:: Problem details ::
Lines in the records below that contain the word "tallet" must each be copied.

:: Source data ::
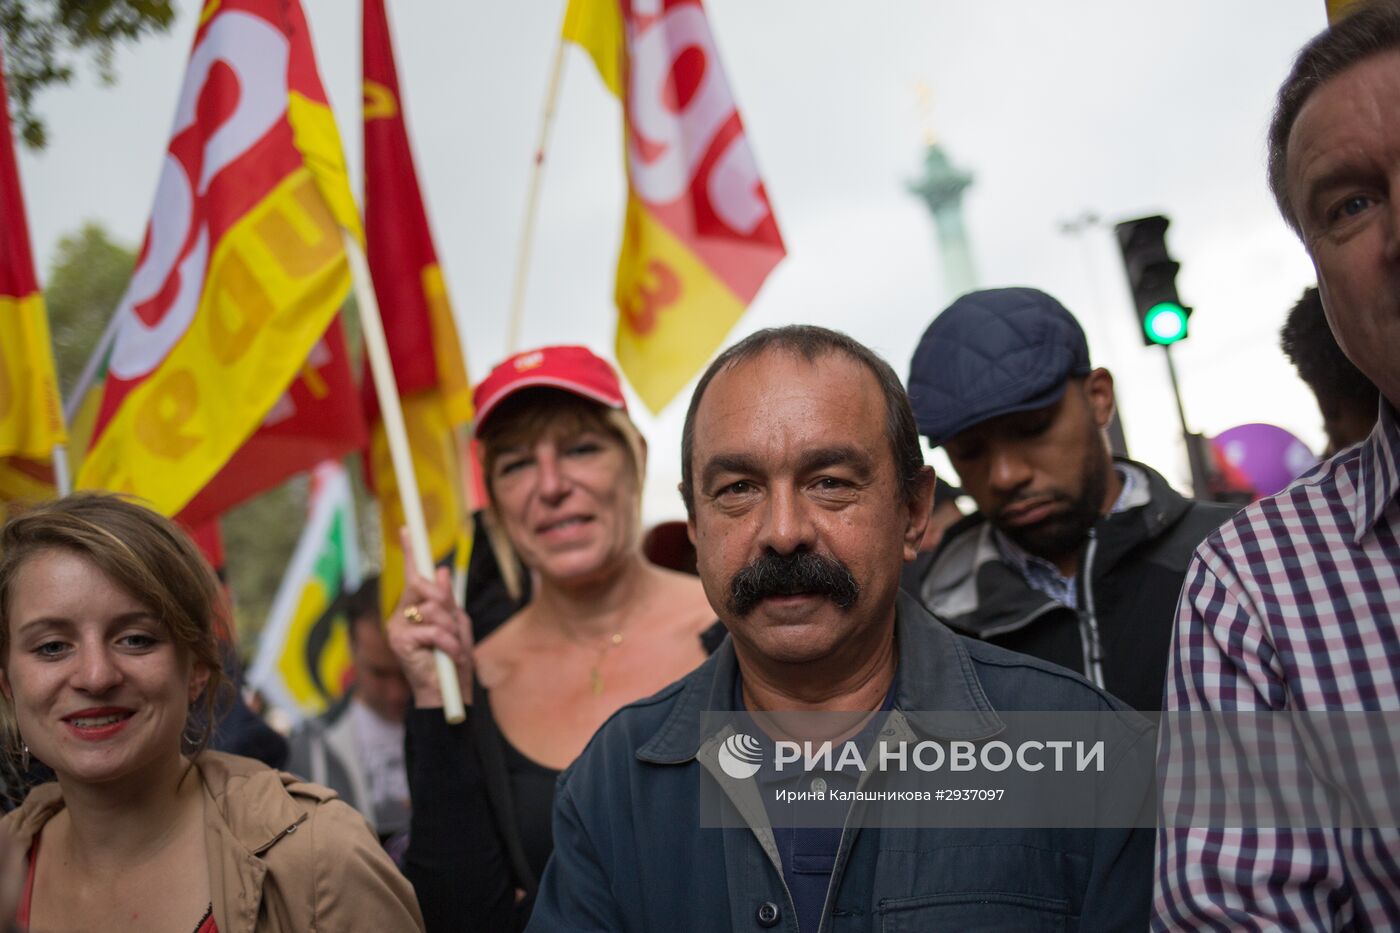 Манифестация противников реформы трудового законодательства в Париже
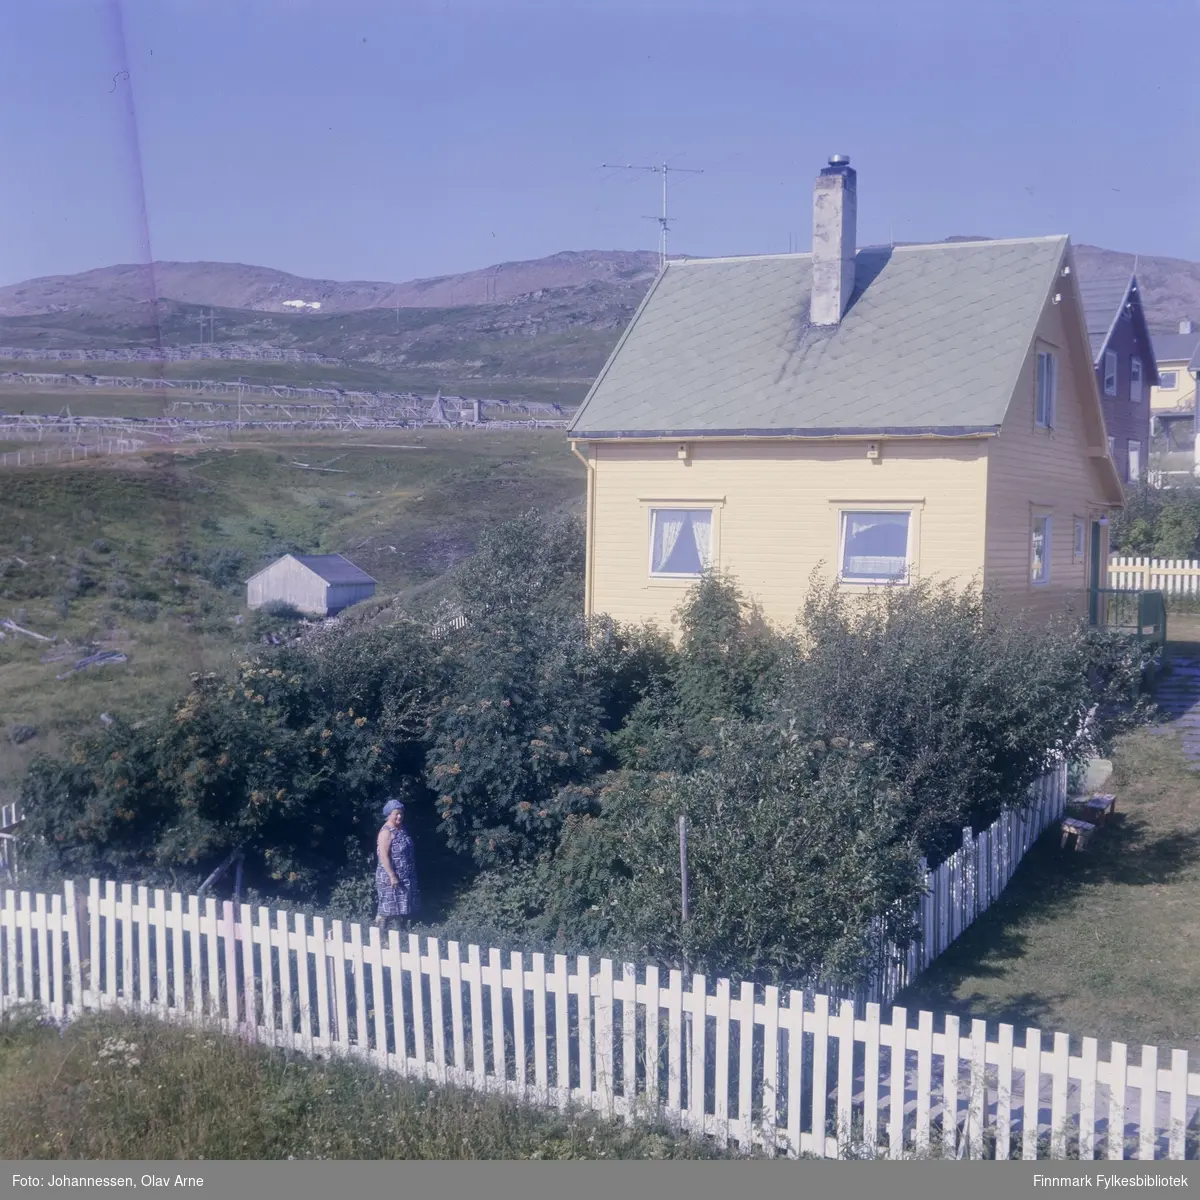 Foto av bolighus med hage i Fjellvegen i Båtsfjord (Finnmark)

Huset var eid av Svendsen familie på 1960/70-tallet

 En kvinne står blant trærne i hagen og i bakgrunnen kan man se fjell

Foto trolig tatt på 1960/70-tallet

:: Solution ::
Huset var eid av Svendsen familie på 1960/70-tallet
Foto trolig tatt på 1960/70-tallet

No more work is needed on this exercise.